Source material:
○ ○ ○ ○

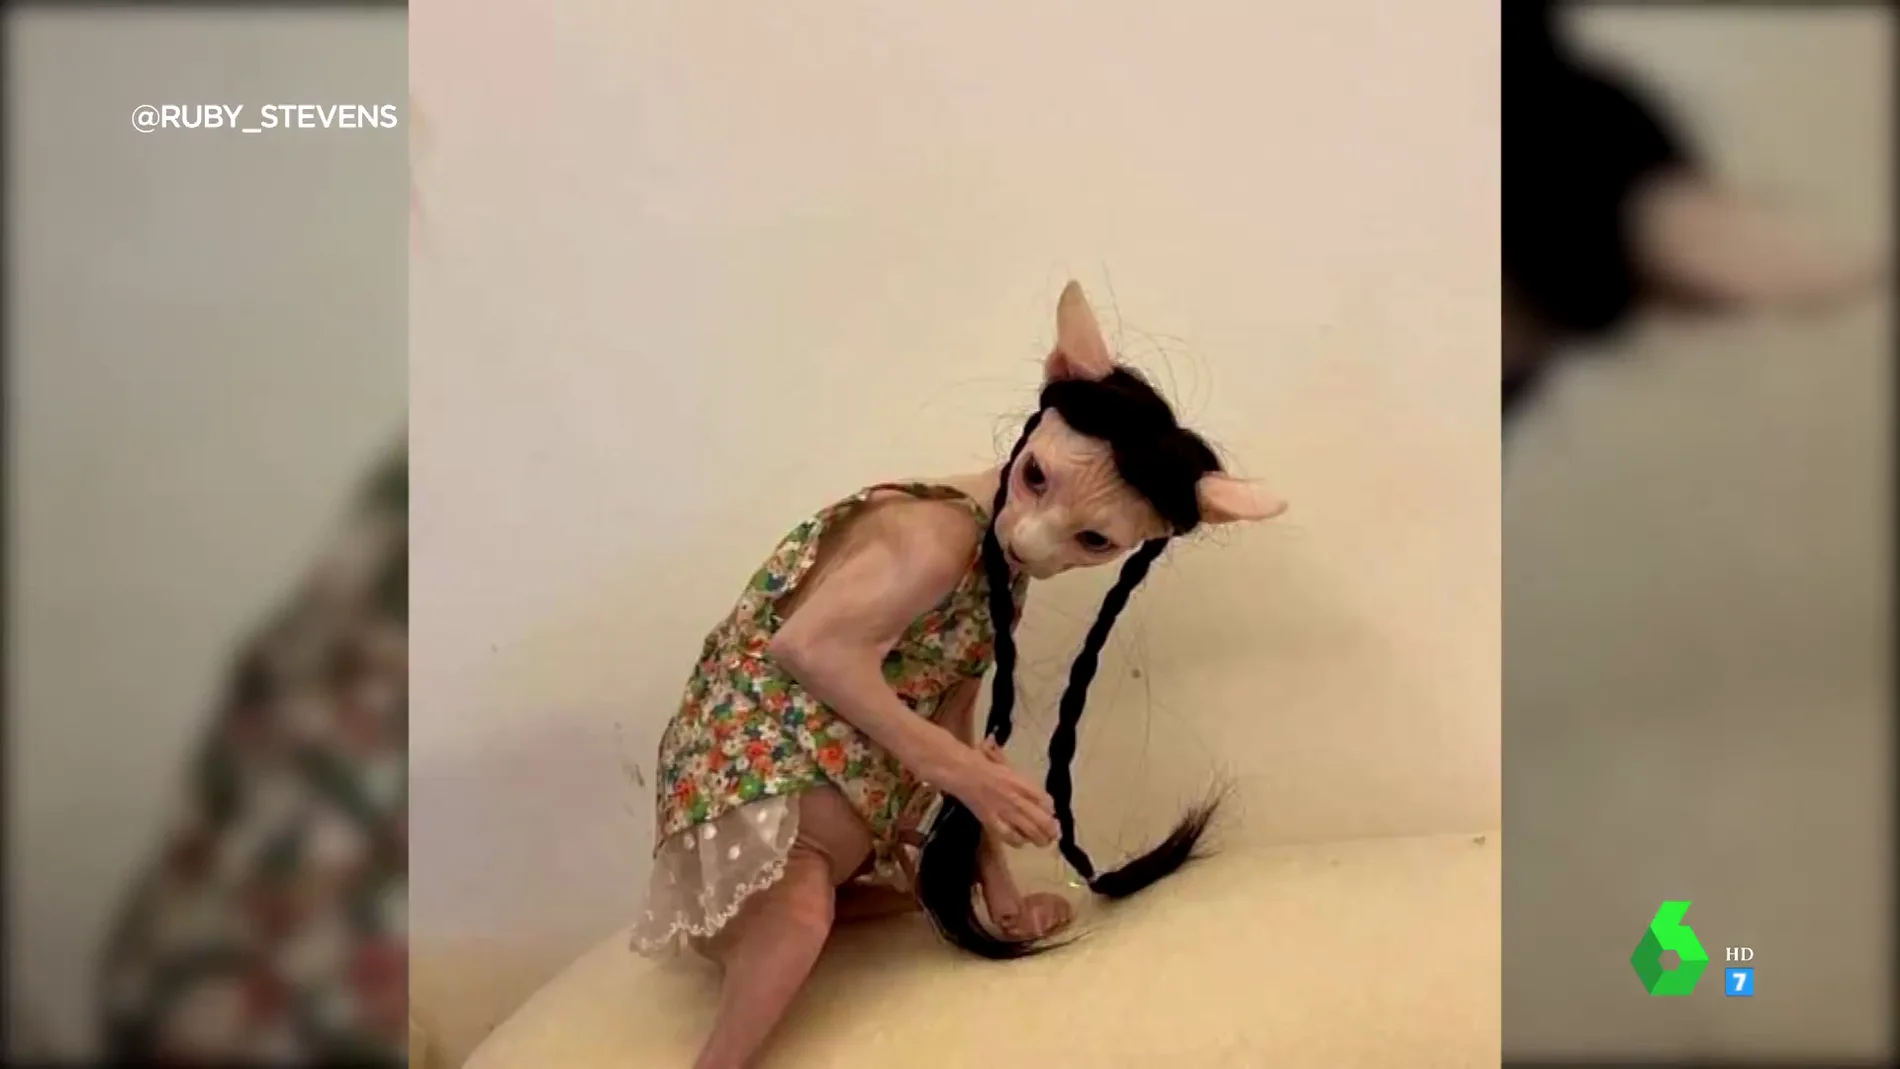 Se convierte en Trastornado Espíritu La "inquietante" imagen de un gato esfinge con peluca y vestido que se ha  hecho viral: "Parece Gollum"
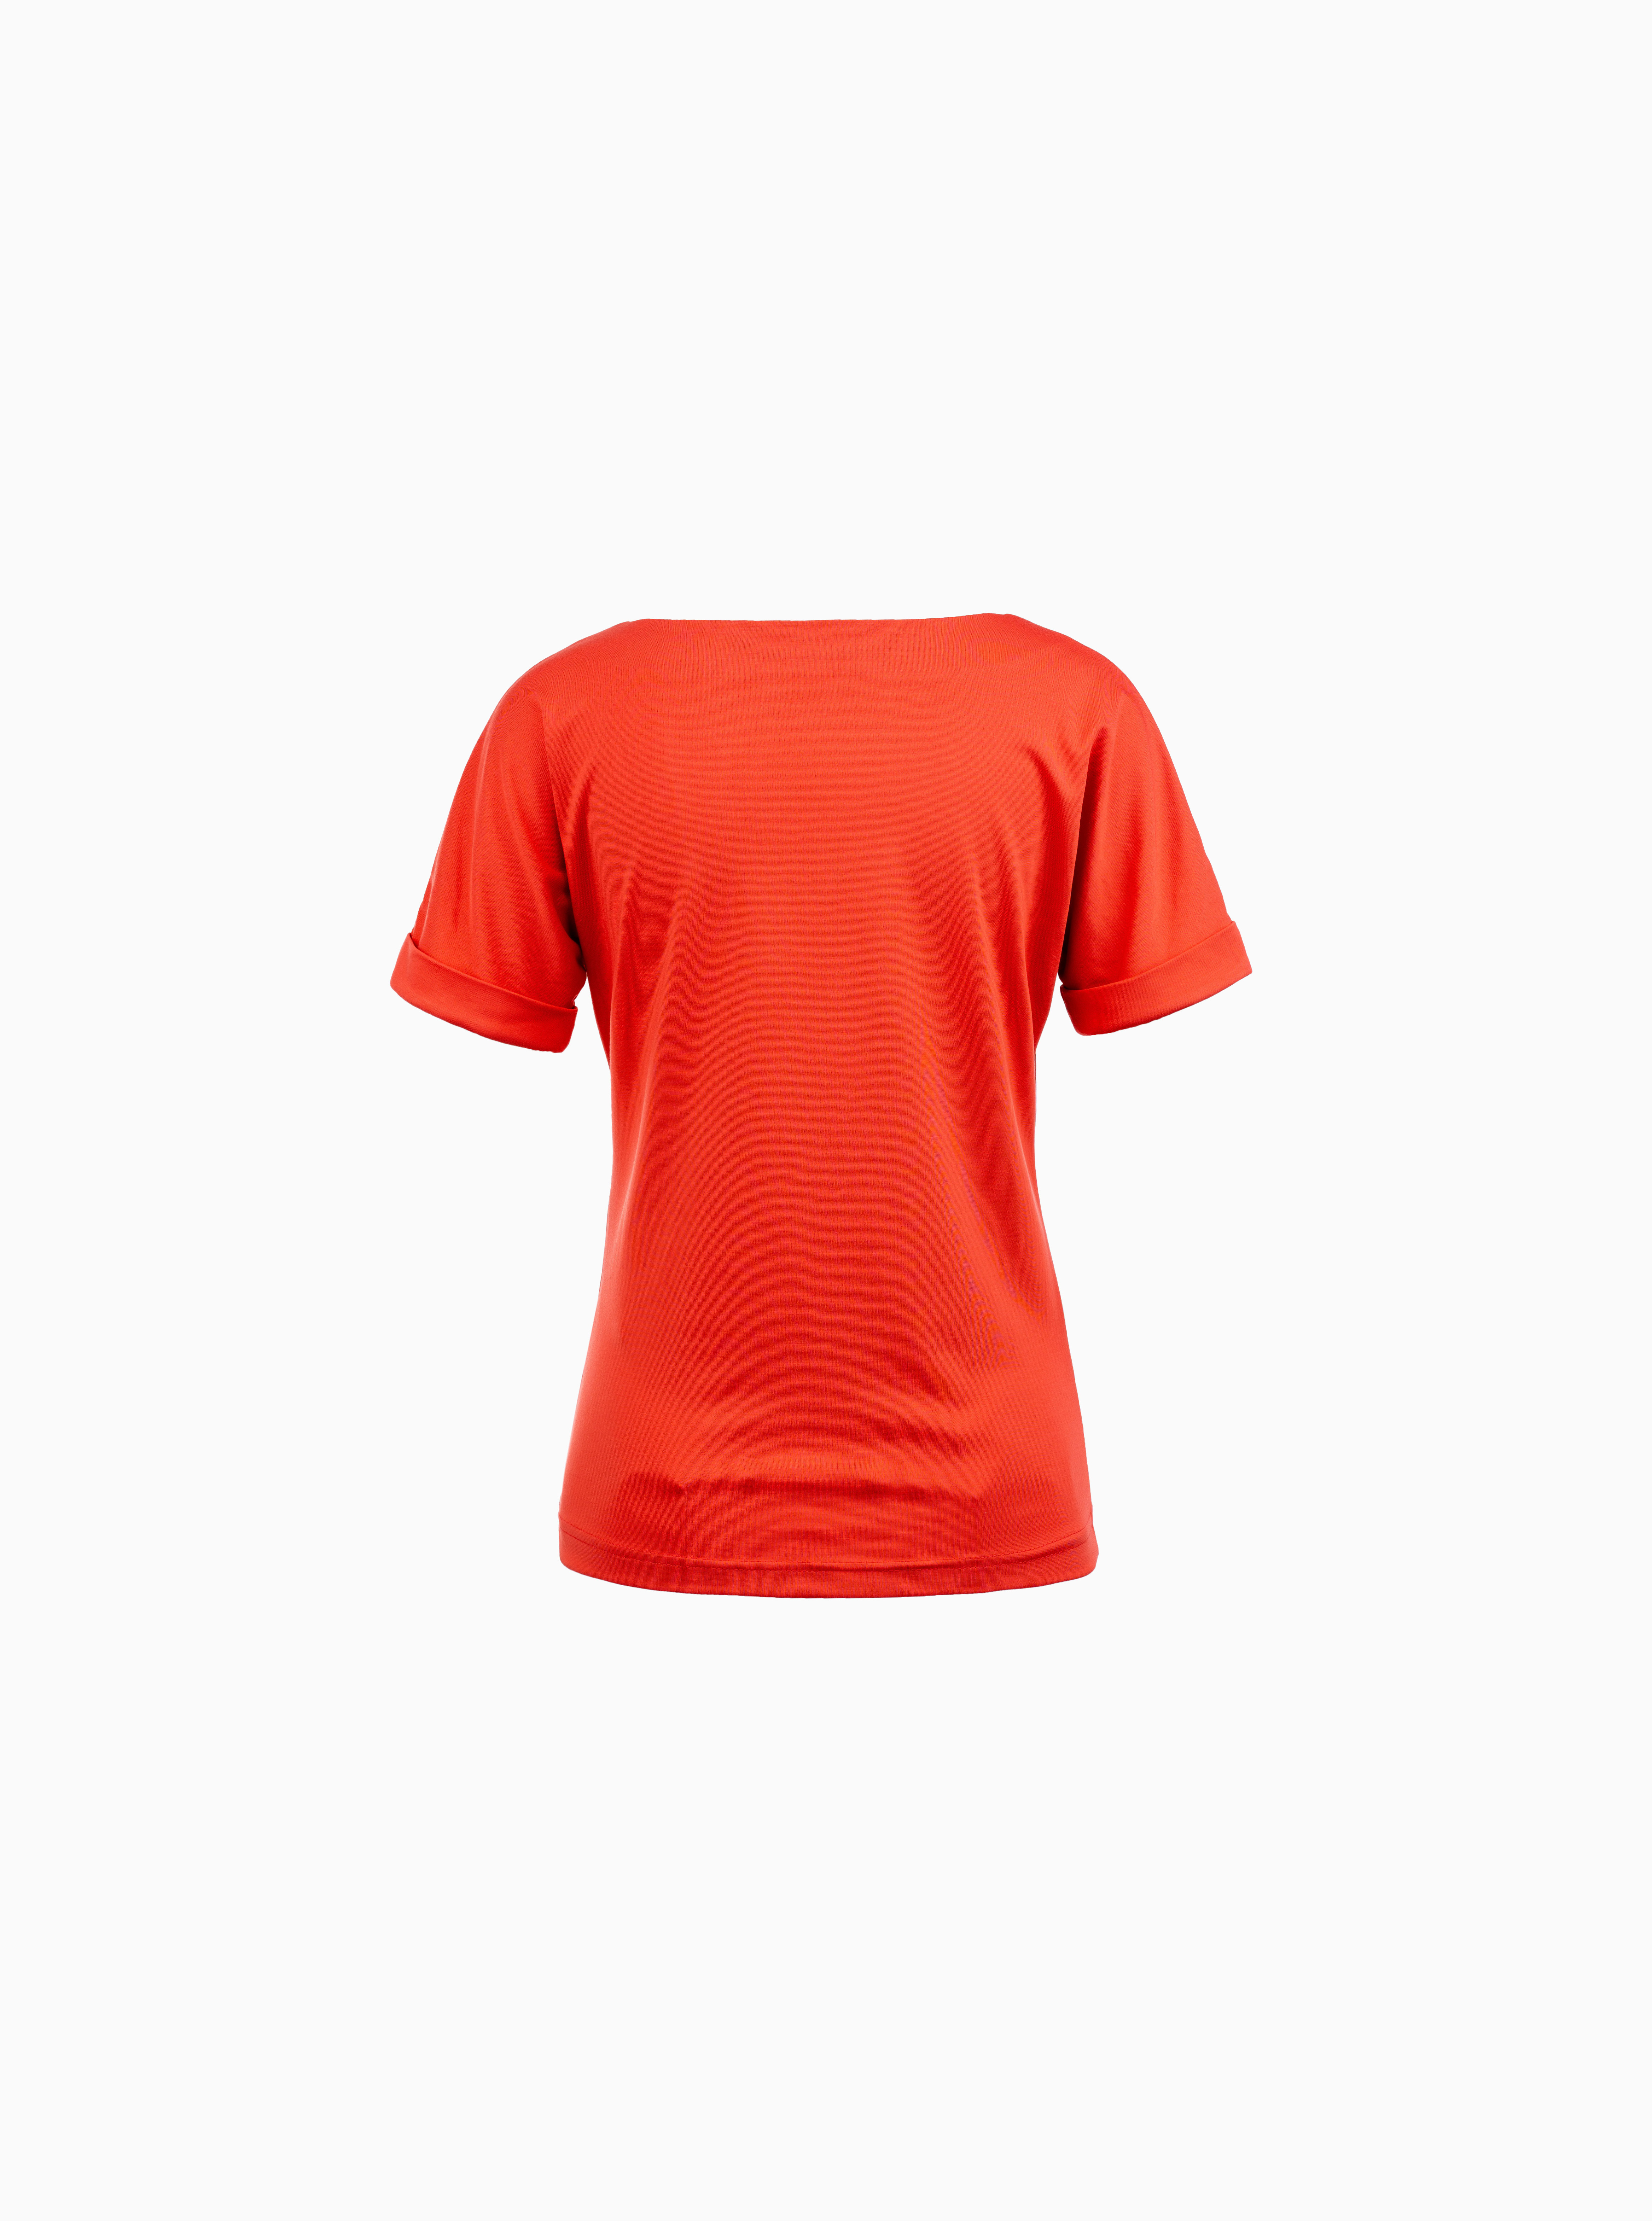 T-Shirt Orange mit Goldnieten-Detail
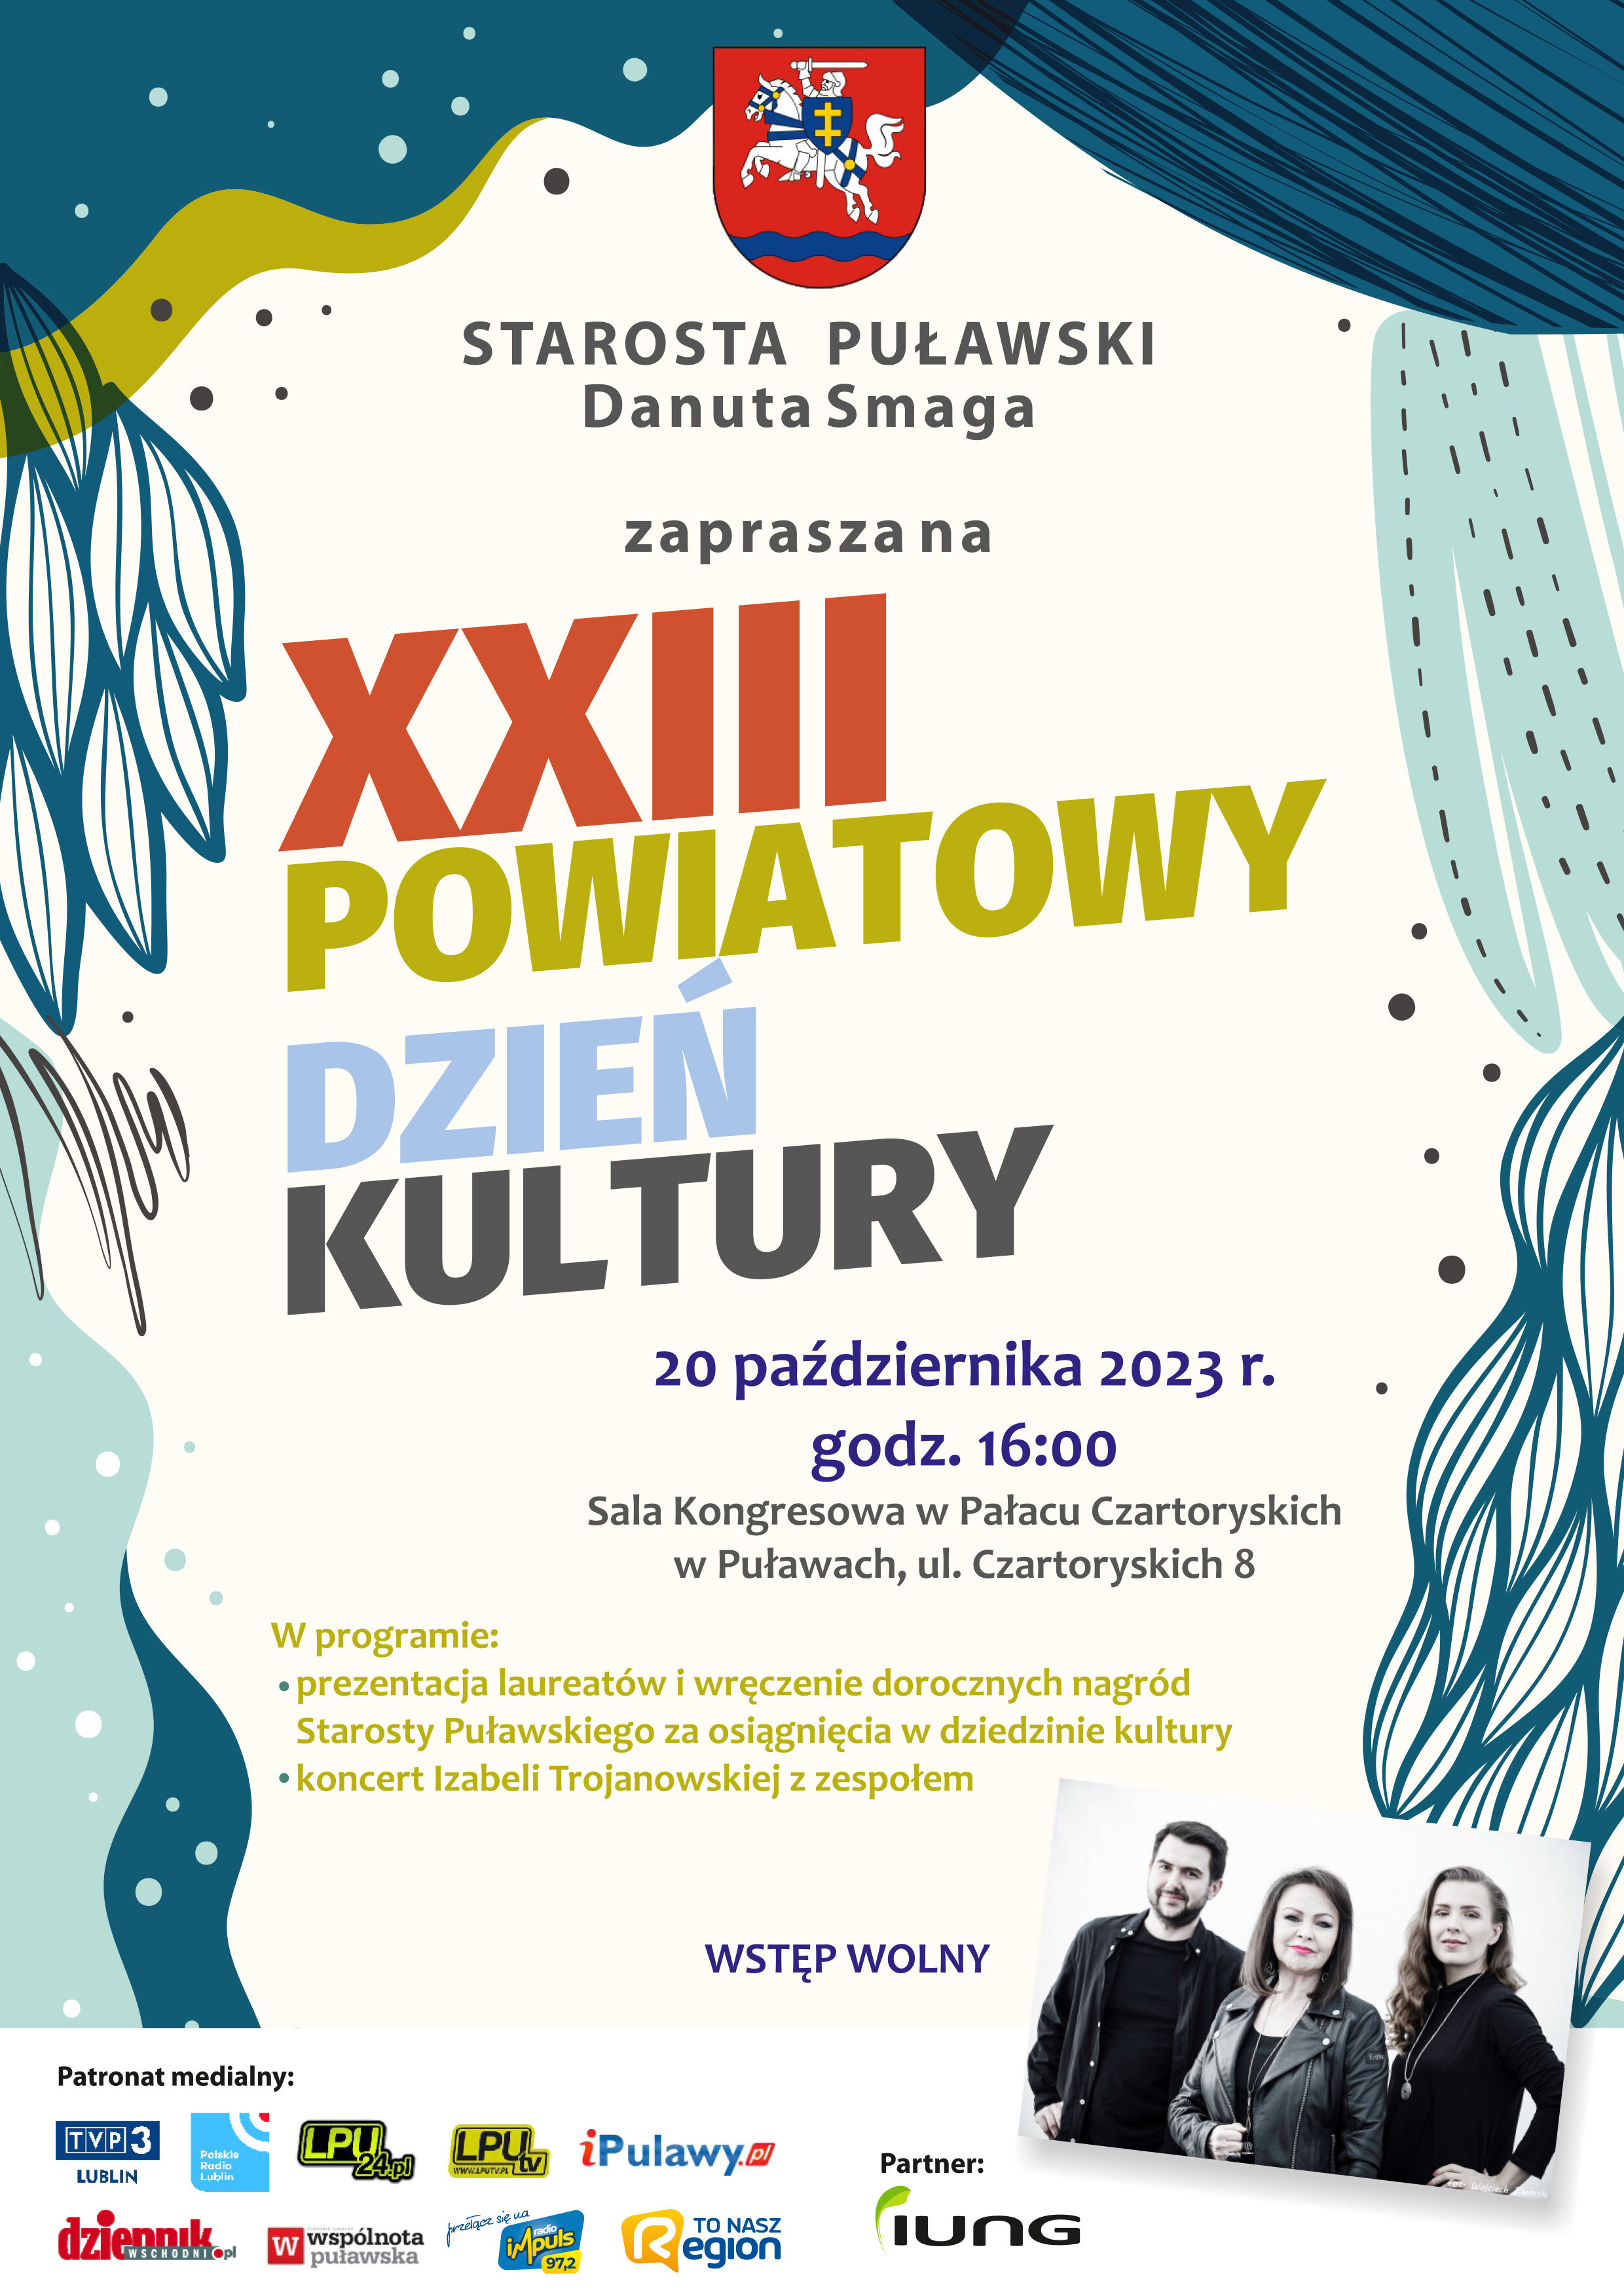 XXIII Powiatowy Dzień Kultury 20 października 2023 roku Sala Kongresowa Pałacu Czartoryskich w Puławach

○ ○ ○ ○

Prompt:
Would you output the full listing exactly as it stands, minus the images?

Solution below:
 Se convierte en Trastornado Espíritu La "inquietante" imagen de un gato esfinge con peluca y vestido que se ha  hecho viral: "Parece Gollum"
 T-Shirt Orange mit Goldnieten-Detail
 XXIII Powiatowy Dzień Kultury 20 października 2023 roku Sala Kongresowa Pałacu Czartoryskich w Puławach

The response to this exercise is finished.